TASK PROMPT: Please give the lines below again exactly as they stand, from the one that contains "kid girl drawing" up to and including the one that contains "OH State Buckeyes", leaving all pictures out.

DATA TO EXAMINE:
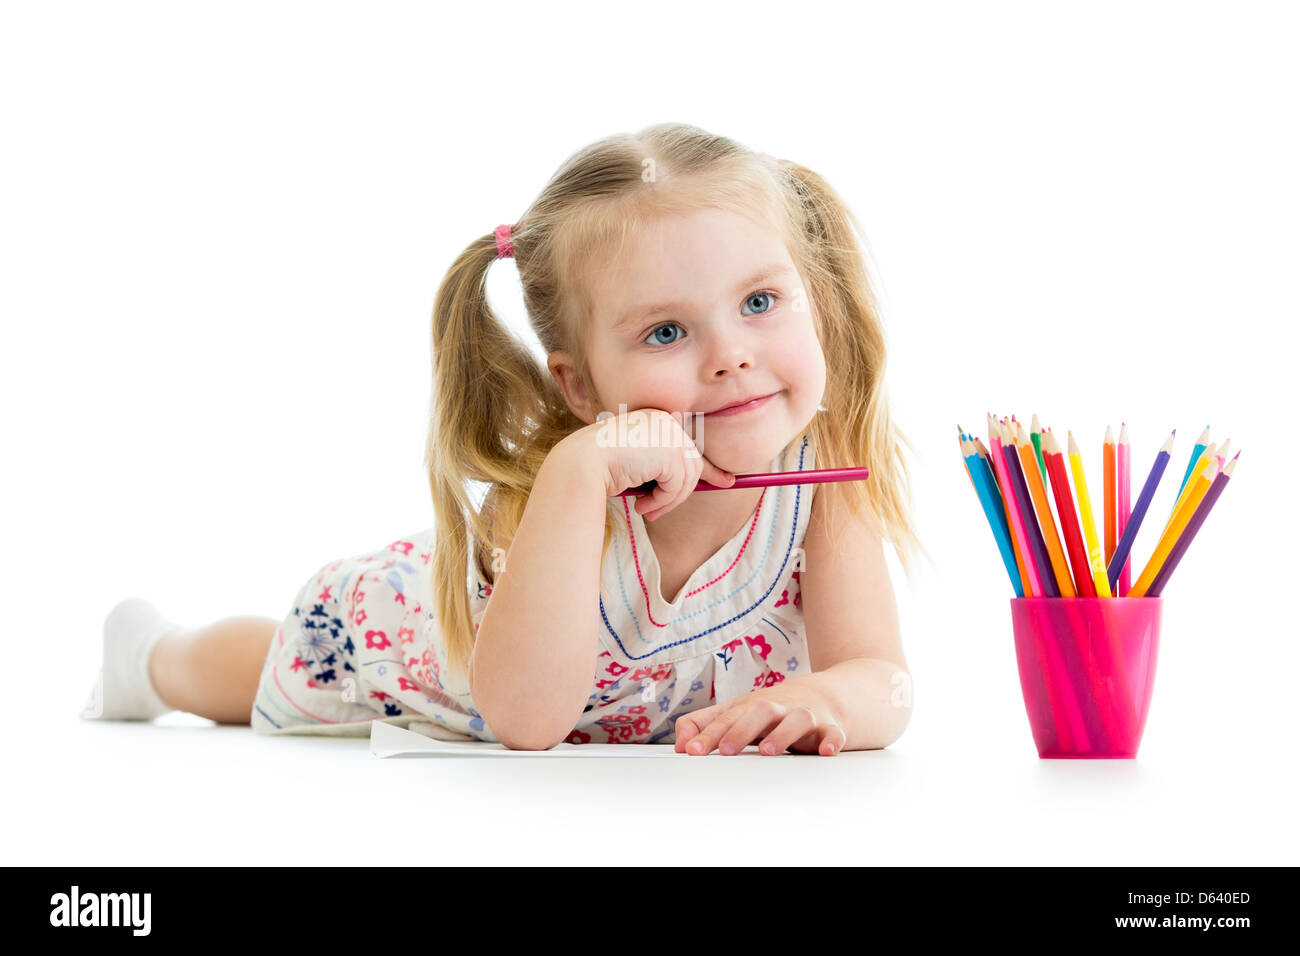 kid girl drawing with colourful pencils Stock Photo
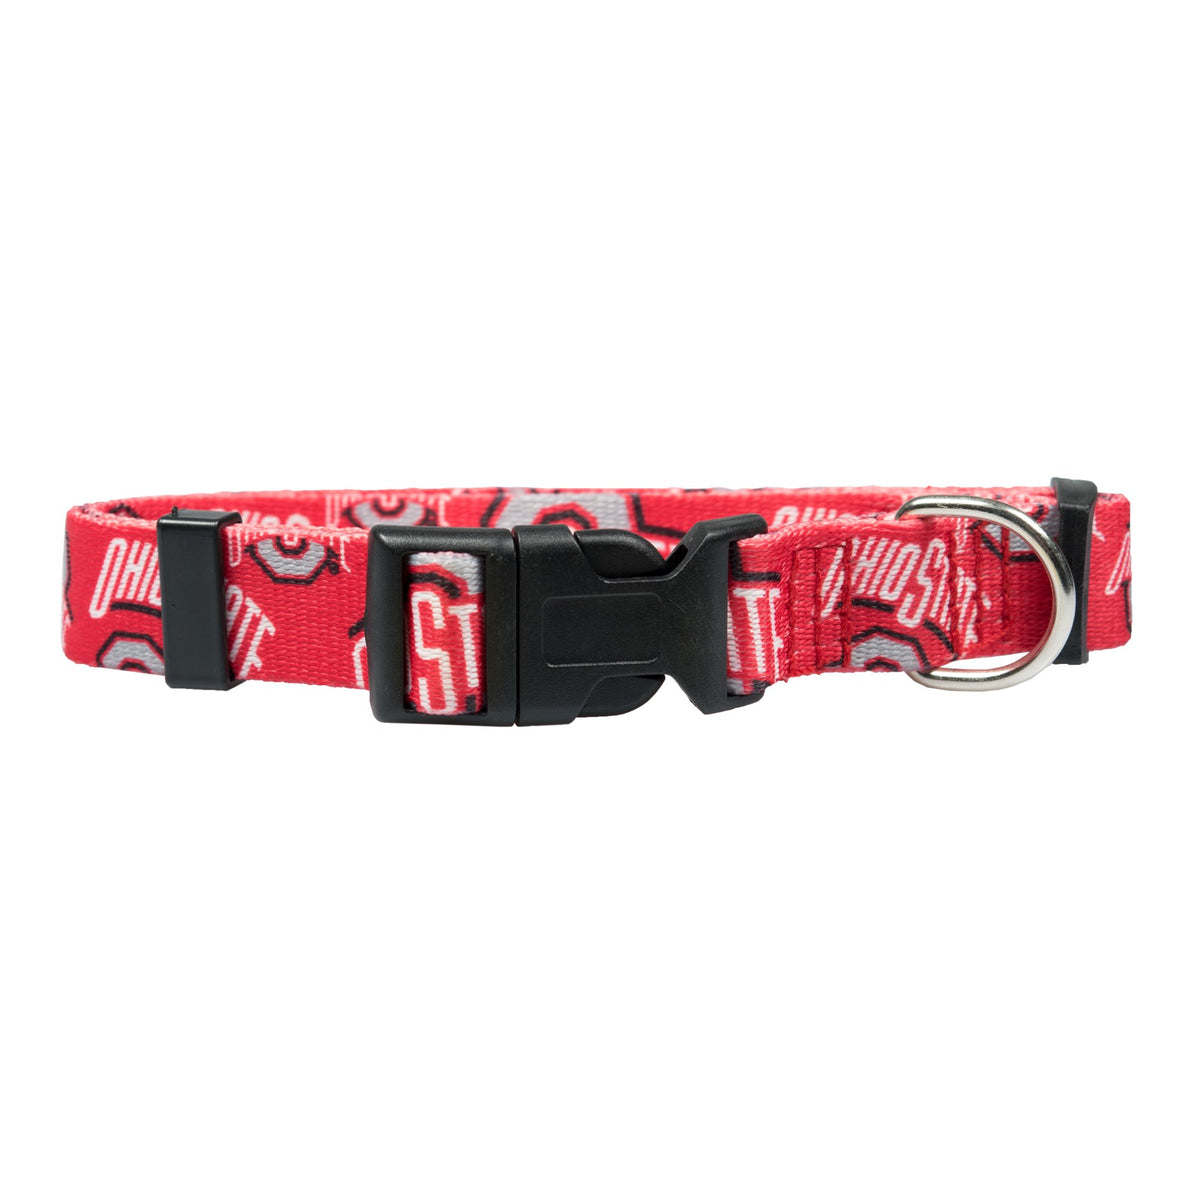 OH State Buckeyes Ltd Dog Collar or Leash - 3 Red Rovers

==

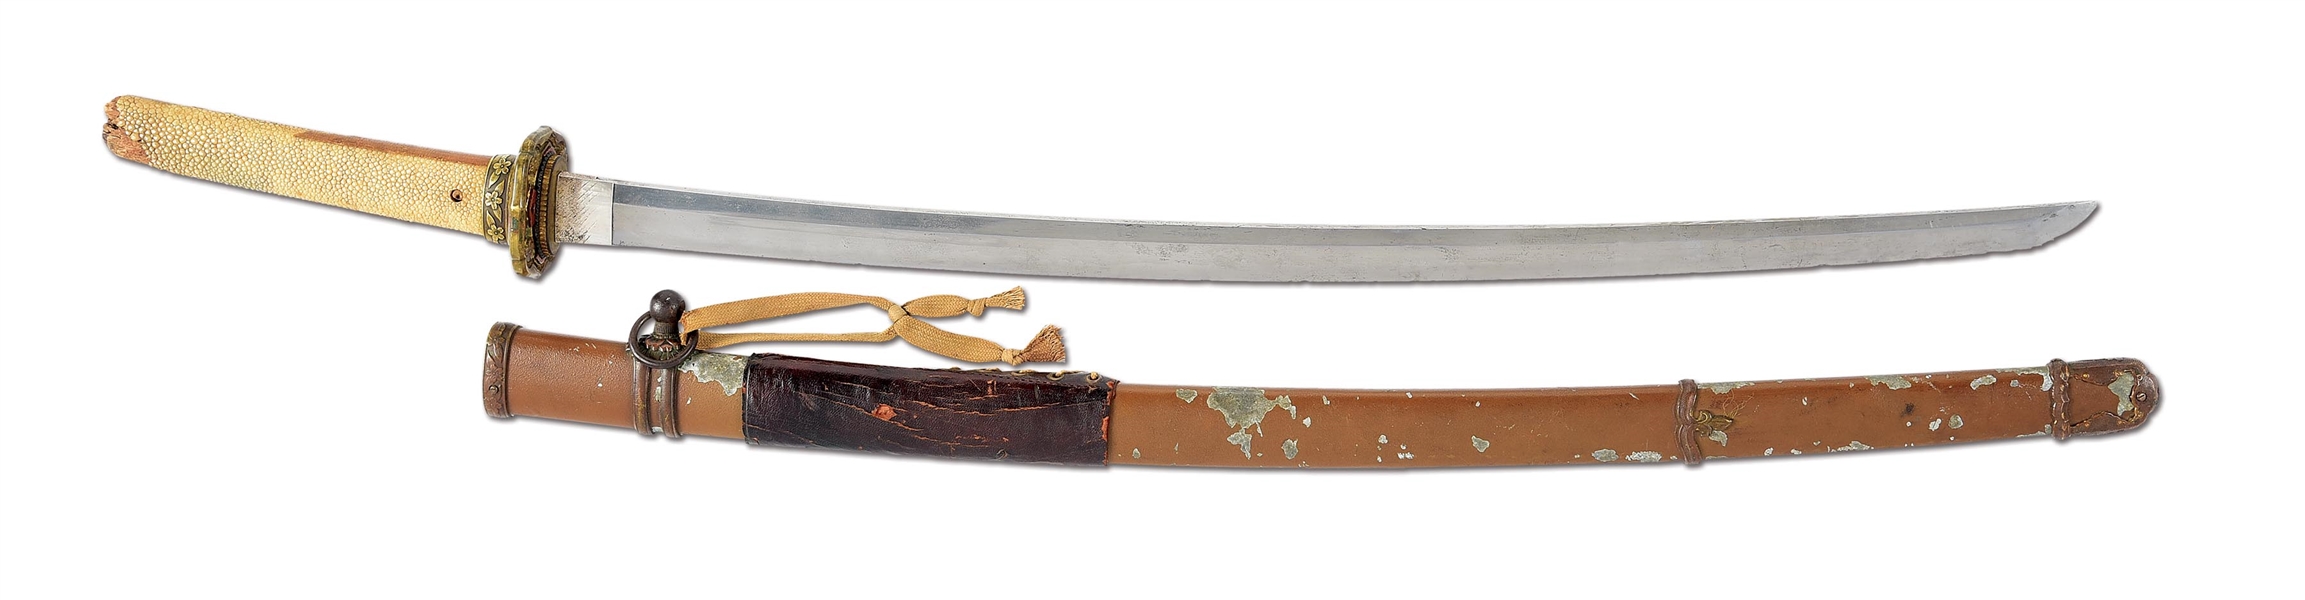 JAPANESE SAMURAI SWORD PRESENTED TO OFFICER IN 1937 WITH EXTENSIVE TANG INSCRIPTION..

ANSWER BELOW:
 kid girl drawing with colourful pencils Stock Photo
 OH State Buckeyes Ltd Dog Collar or Leash - 3 Red Rovers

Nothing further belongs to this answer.